Meet the Coach

My name is Mike Posner. I’m a trained psychotherapist, a sales and leadership consultant, and a performance coach for founders, executives, and professional athletes. I have worked with hundreds of patients in private practice, trained and managed hundreds of salespeople in business, and worked with more than 30 founders, CEOs, and business executives over the course of my career. These experiences paired with my clinical and professional training have offered me a great laboratory from which I’ve been able to observe and uncover the patterns that both sabotage success as well as those that unlock it. My work functions at the crossroads of wellness, leadership, and performance psychology.
My Journey into Leadership & Executive Coaching
My background spans business, education, and mental health. With a graduate degree in clinical psychology, I began my career as a psychotherapist. As a clinician, I had an outpatient practice and worked across a variety of inpatient psychiatric and medical settings. I then entered the business world where I transitioned to sales and sales leadership before ultimately becoming an executive coach and leadership consultant.
As a salesperson, I was fortunate to find early success, finishing top 10 out of 500 salespeople in sales and revenue each of my first 6 months. This success afforded me the opportunity to move into leadership and contribute to the development of others, which was always the bigger motivator for me.

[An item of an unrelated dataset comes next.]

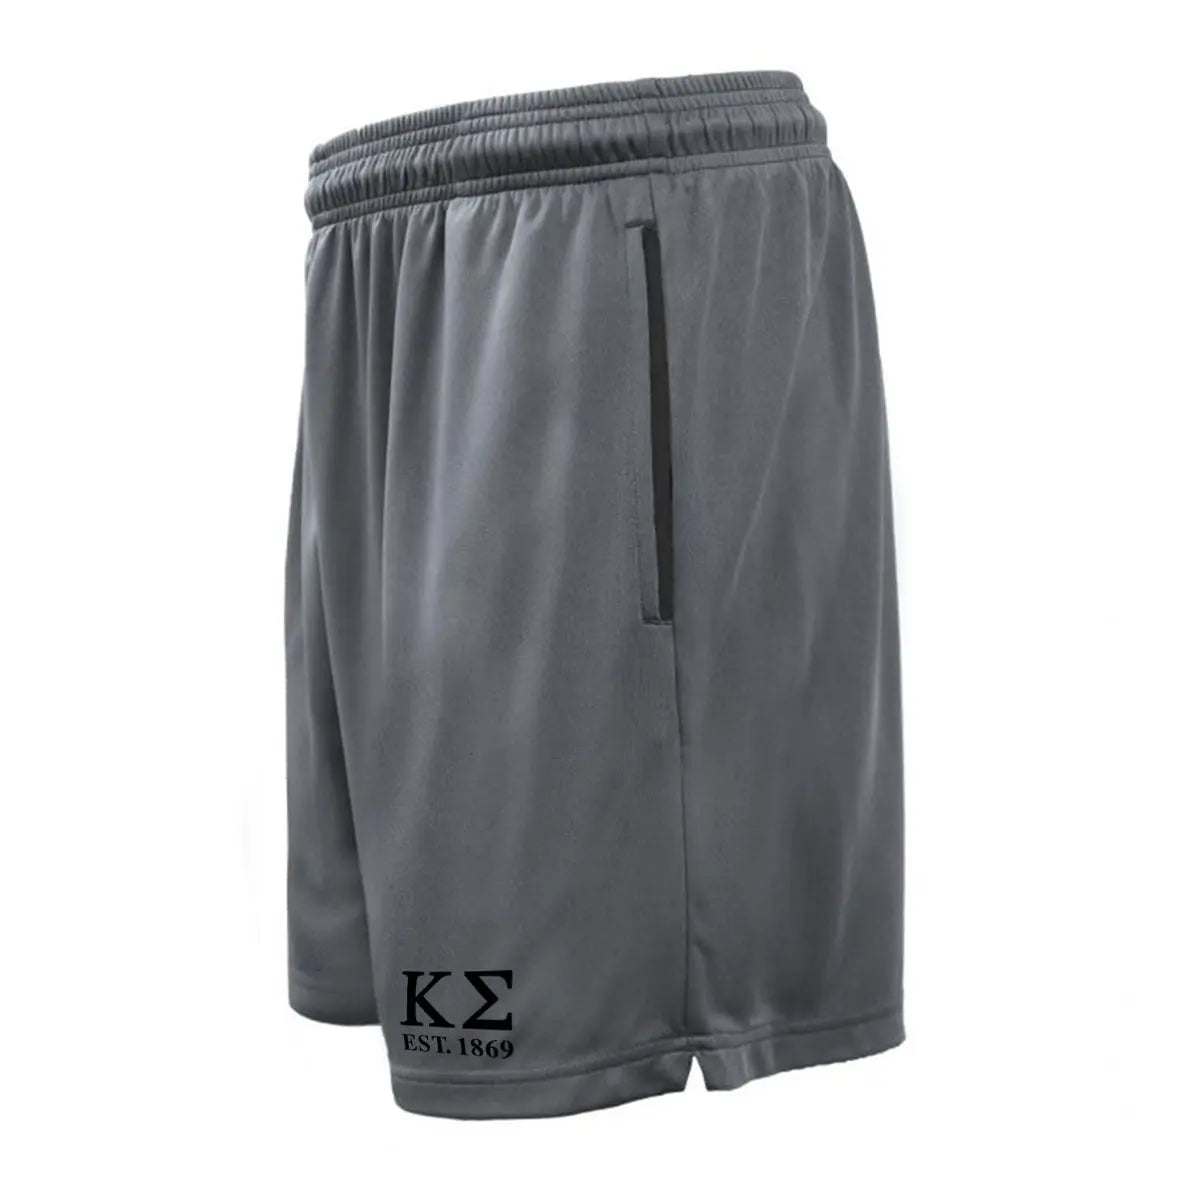 New! Kappa Sig 7in Grey Pocketed Shorts Kappa Sigma

In the ambitious and results-oriented business world where consistent validation is in short supply, all the perilous features of self-doubt emerge. Invalidation coaxes the ego into action and brings defensiveness, disengagement, and disconnection to the surface, at which point individuals, teams, and companies can suffer, if not entirely self-destruct. This insidious truth about the nature of these environments is rampant, but also largely ignored. My training in the study of human behavior led me to believe that offering people access to their own resilience and resourcefulness and helping them to better connect with co-workers might be an underestimated but magic ingredient.
Thw perfect place to test this theory was in a sales environment where the results are shown in black and white. There is no ambiguity, you win or lose. With this strategy of helping employees cultivate a more adaptive psychology, my teams started winning. Consistently. Thus, skepticism and trepidation gave way to belief as other leaders were recognizing our success. Soon, I was training leaders on skills like nonviolent communication, learned optimism, cognitive restructuring, motivational interviewing, and distress tolerance, among others.
Within two years of my transition from psychology into sales and business, I was hired to head up sales for a small but ambitious direct to consumer health-tech company called Candid. The company was 8 people at the time and grew to 500 people within 2 years. The sales team accounted for about a fifth of that growth. My unconventional approach was again finding success and led me to new and different opportunities.
While still at Candid, my work began to grow and expand organically with former peers and co-workers asking me to come into their companies to run workshops with their executive teams or consult on their sales efforts. From there, I began running more immersive events including 4-day founder retreats for companies like TechStars. These experiences evolved into my work as a founder and executive coach. Given my nontraditional background, some days I am helping founders close multimillion-dollar fundraising rounds while others I’m helping them navigate the gutting transition out of their own companies. This has been my unscripted journey into this work, but every day I am grateful that it found me.